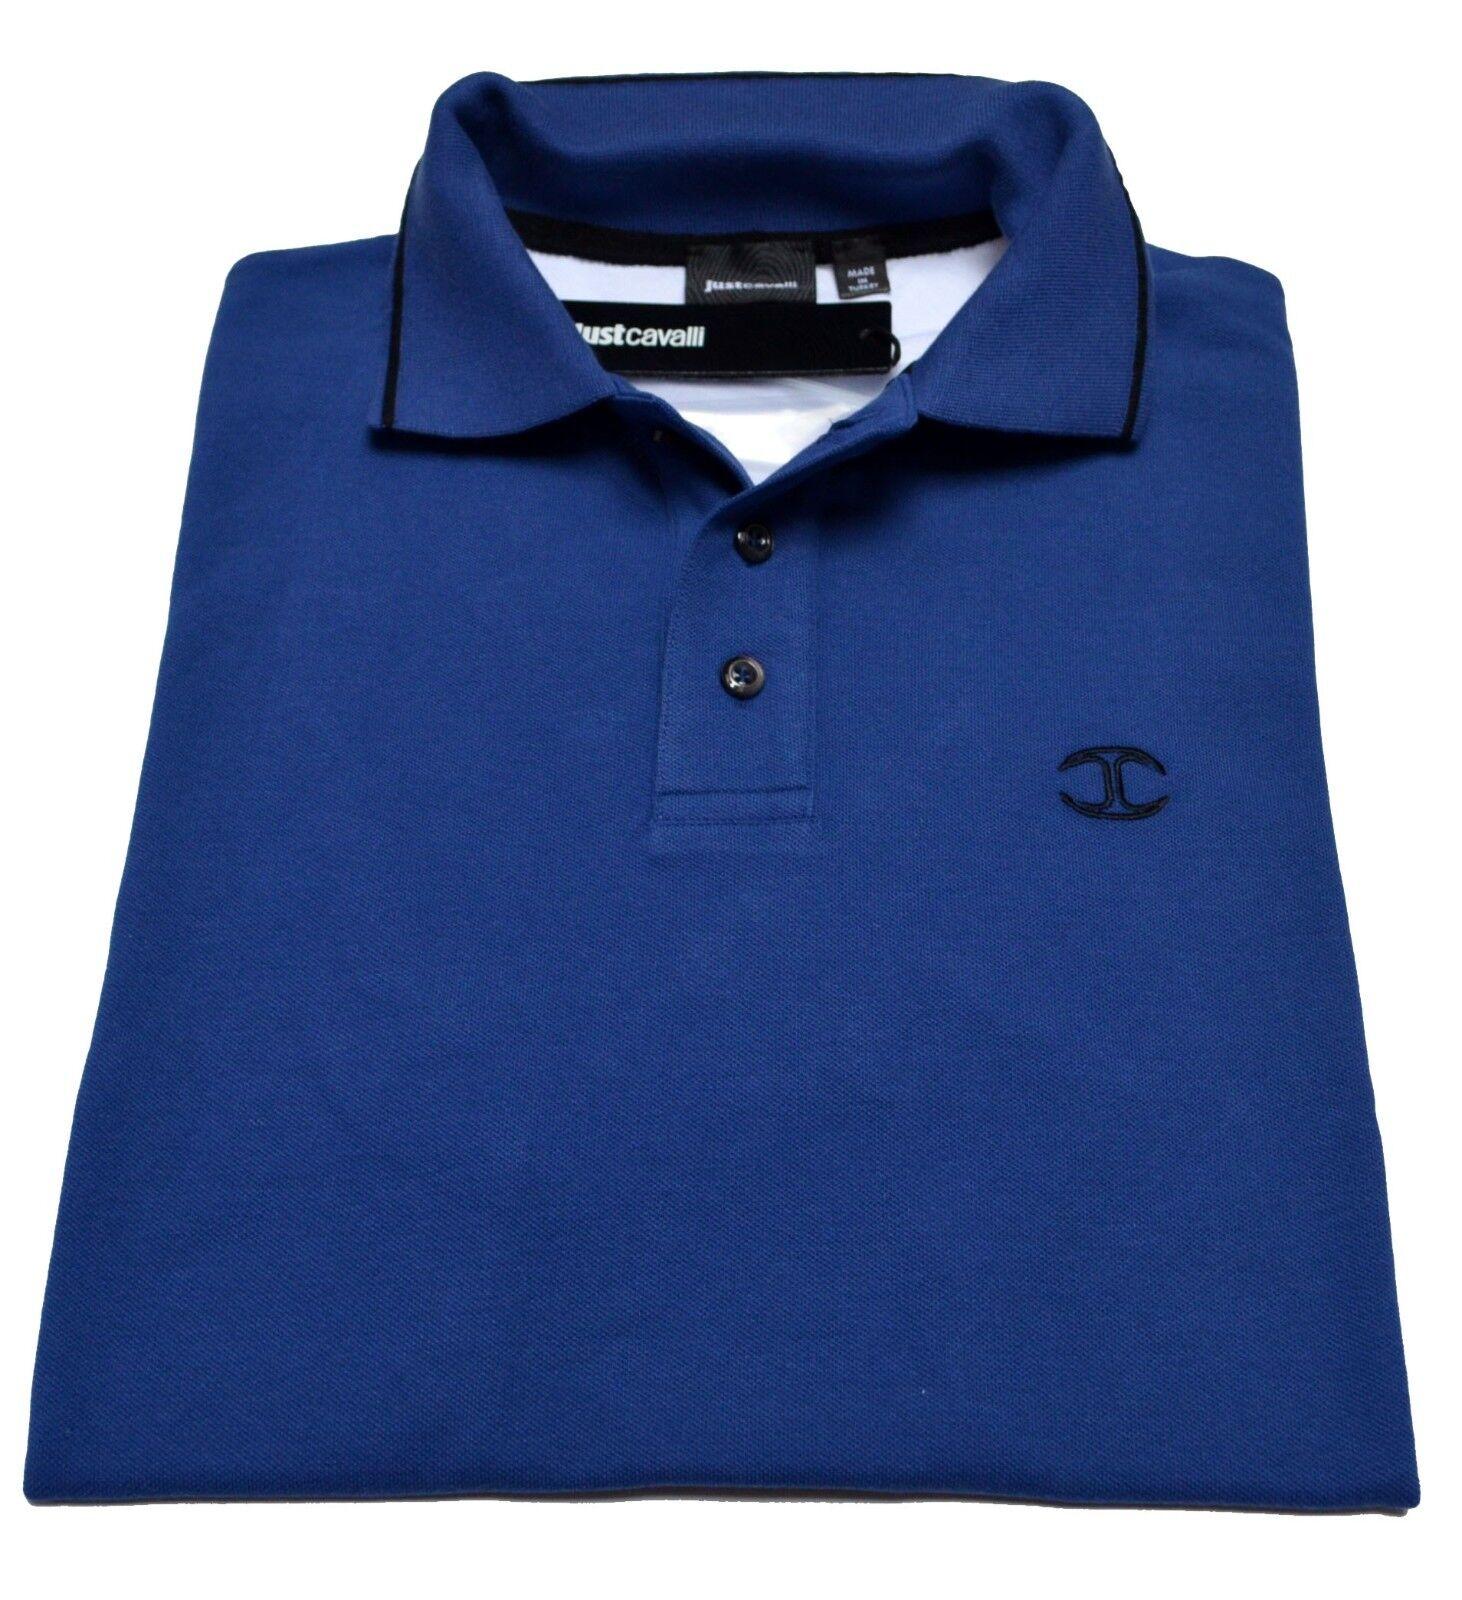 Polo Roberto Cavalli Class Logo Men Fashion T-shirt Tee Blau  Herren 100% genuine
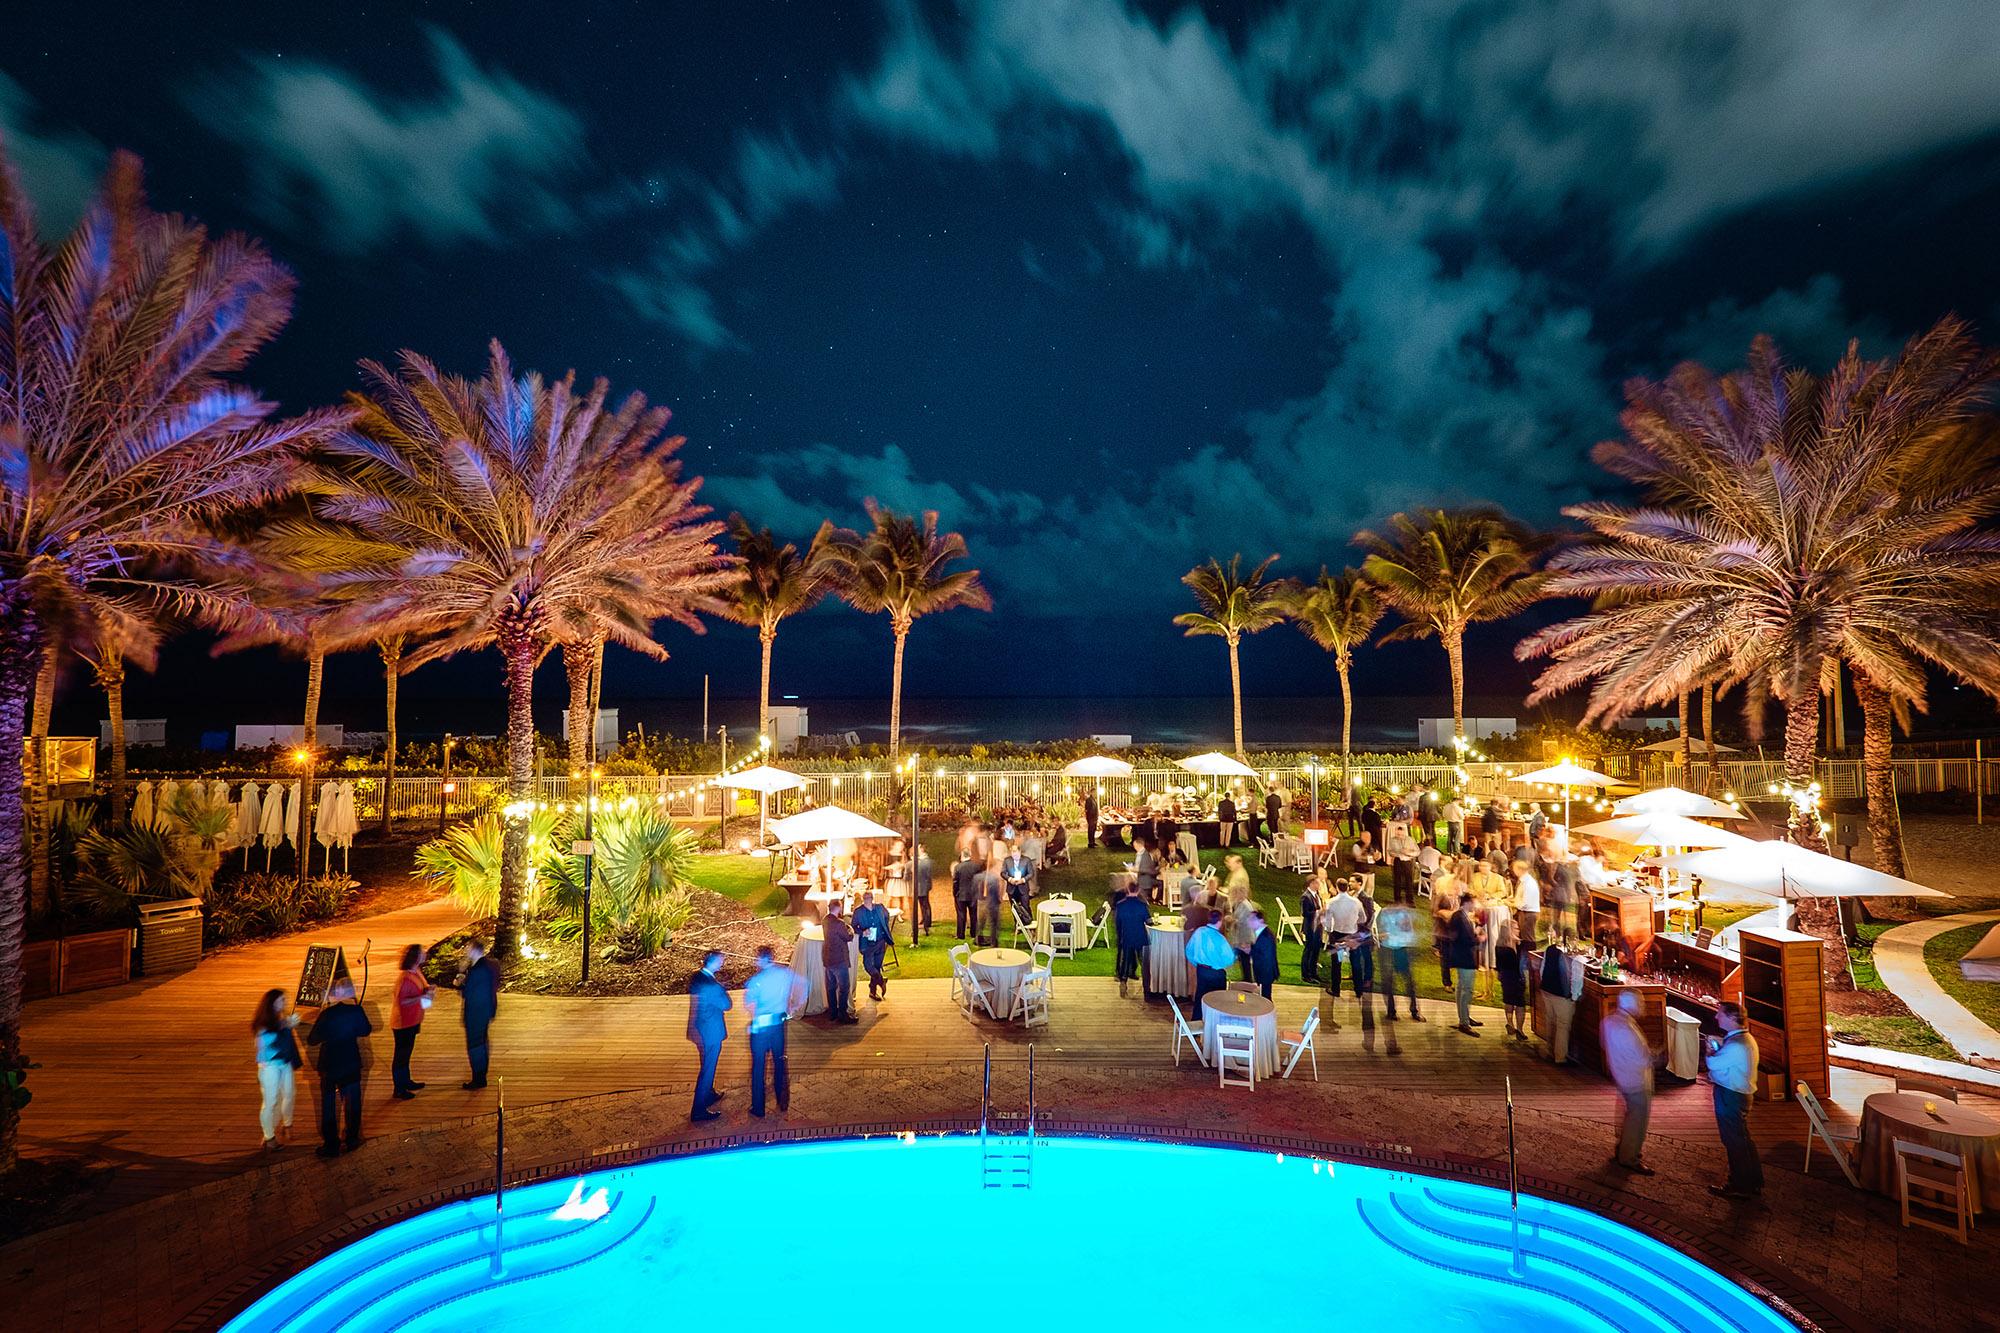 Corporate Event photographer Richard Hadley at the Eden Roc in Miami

---

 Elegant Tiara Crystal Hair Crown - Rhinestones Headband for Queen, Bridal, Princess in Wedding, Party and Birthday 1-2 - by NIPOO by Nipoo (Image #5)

Exercise brief »
What is needed is an exact copy of the lines above, from the one holding "Polo Roberto Cavalli" down to the one holding "Corporate Event photographer", with those two included and the pictures left out.

Task output »
 Polo Roberto Cavalli Class Logo Men Fashion T-shirt Tee Blau  Herren 100% genuine
 Corporate Event photographer Richard Hadley at the Eden Roc in Miami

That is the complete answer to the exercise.